4.2.1 The slow way to do it would be like this:

CC19

mean(my_df[my_df$conditions=="A",]$scores)
mean(my_df[my_df$conditions=="B",]$scores)
mean(my_df[my_df$conditions=="C",]$scores)
# and then keep going

Nobody wants to do that! Not, me I stopped doing it that way. You should too.

4.2.2 group_by and summarise

We can easily do everything all at once using the group_by and summarise function from the dplyr package. Just watch:

CC20

library(dplyr)

my_df %>%
  group_by(conditions) %>%
  summarise(means = mean(scores))

A couple of things now. First, you may notice R uses the word “tibble” for the new data frame, e.g.”# A tibble: 10 x 2.” You don’t have to remember what a tibble is, but it just is a way to make the data print out a little nicer in the view in your Editor window. But the printout when you Knit may not be as nice as a tibble.

4.2.3 Make it look nice

Let’s fix that.

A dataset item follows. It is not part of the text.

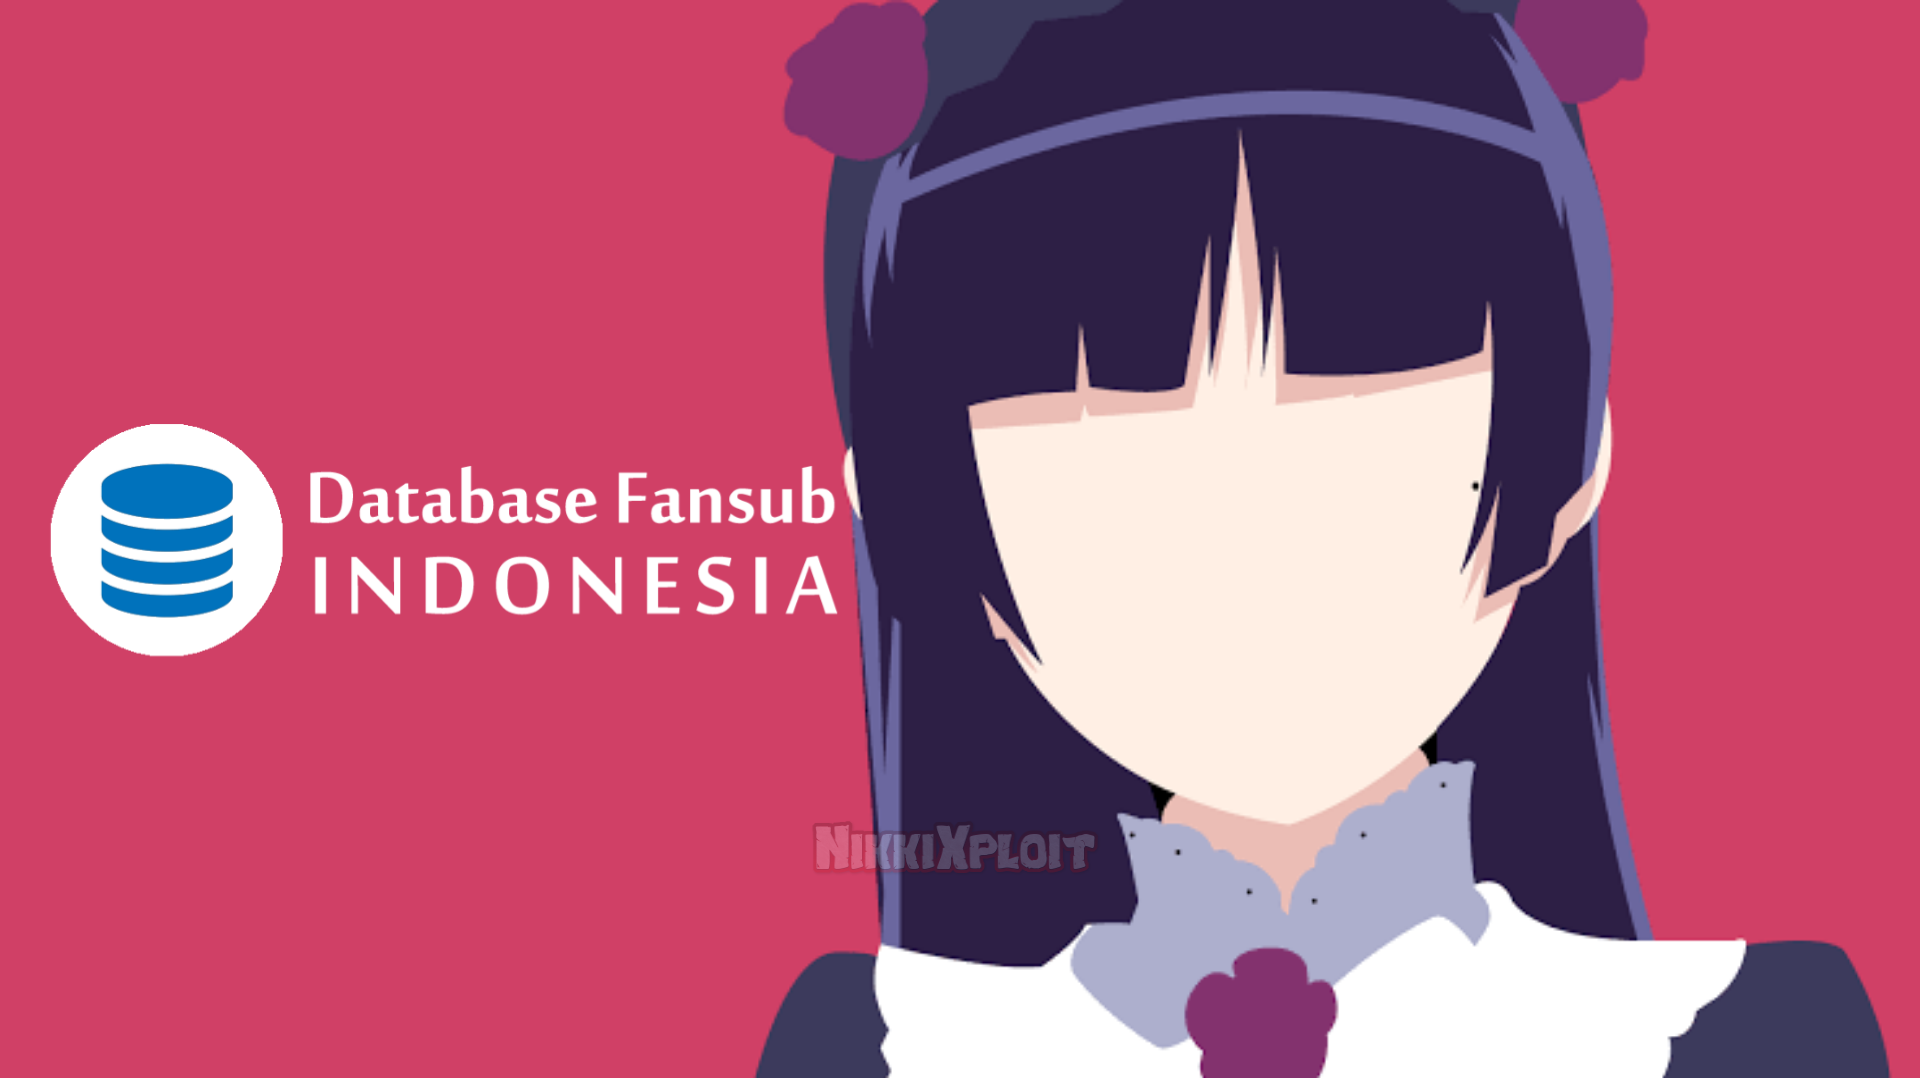 SHARE] Database Anime Fansub Indonesia - NikkiXploit

We put the results of our code into a new variable, then we use knitr::kable to print it out nicely when we knit the document:

CC21

summary_df <- my_df %>%
               group_by(conditions) %>%
               summarise(means = mean(scores))

knitr::kable(summary_df)

Hint

If you want to know more about how to change the format of the table, e.g. the number of decimal places, etc. , check out the web page Formatting Tables in R

4.3 Multiple descriptives

The best thing about the dplyr method, is that we can add more than one function, and we’ll get more than one summary returned, all in a nice format. Let’s add the standard deviation:

CC22

summary_df <- my_df %>%
               group_by(conditions) %>%
               summarise(means = mean(scores),
                         sds = sd(scores))

knitr::kable(summary_df)

4.3.1 Min and Max

We’ll add the min and the max too:

CC23

summary_df <- my_df %>%
               group_by(conditions) %>%
               summarise(means = mean(scores),
                         sds = sd(scores),
                         min = min(scores),
                         max = max(scores))

knitr::kable(summary_df)

5 Describing gapminder

Now that we know how to get descriptive statistics from R, we can do this will some real data. Let’s quickly get some basic statistics about the gapminder data.

CC24

library(gapminder)
library(tidyverse)
gapminder_df <- gapminder

Note: The above code will only work if you have installed the gapminder package. Make sure you are connected to the Internet. Then choose the Packages tab from the bottom right panel, and choose install. Then search for gapminder, choose it, and install it.

5.1 Life Expectancy

What are some descriptive statistics for Life expectancy by continent?

Copy the code from the last part of “descriptives” above, i.e., code chunk 23. We have done this part for you in the code block below.

Then:

Change the source data frame in the first line from “my_df” to “gapminder_df”.
Change the group by variable from “conditions” to “continent”.
Change the summarize variable names from “scores” to “lifeExp”.

CC25

summary_df <- my_df  %>%
               group_by(conditions) %>%
               summarize(means = mean(scores),
                         sds = sd(scores),
                         min = min(scores),
                         max = max(scores))

knitr::kable(summary_df)

Lab Assignment Submission

Important

When you are ready to create your final lab report, save the Lab-02-Rehearse2-Describing-Data-Worksheet.Rmd file and then Knit it to PDF or Word to make a reproducible file. This image below shows you how to select the knit document file type.

Note if you encounter difficulty getting your worksheet to Knit, you may submit your Lab2-Rehearse2-Describing-Data-Worksheet.Rmd file saved with your work instead.

Ask your instructor to help you sort out the issues if you have time.

Submit your file in the Canvas M2.4 Lab 2 Rehearse(s): Exploring Data Canvas assignment area.

The Lab 2 Exploring Data Grading Rubric will be used.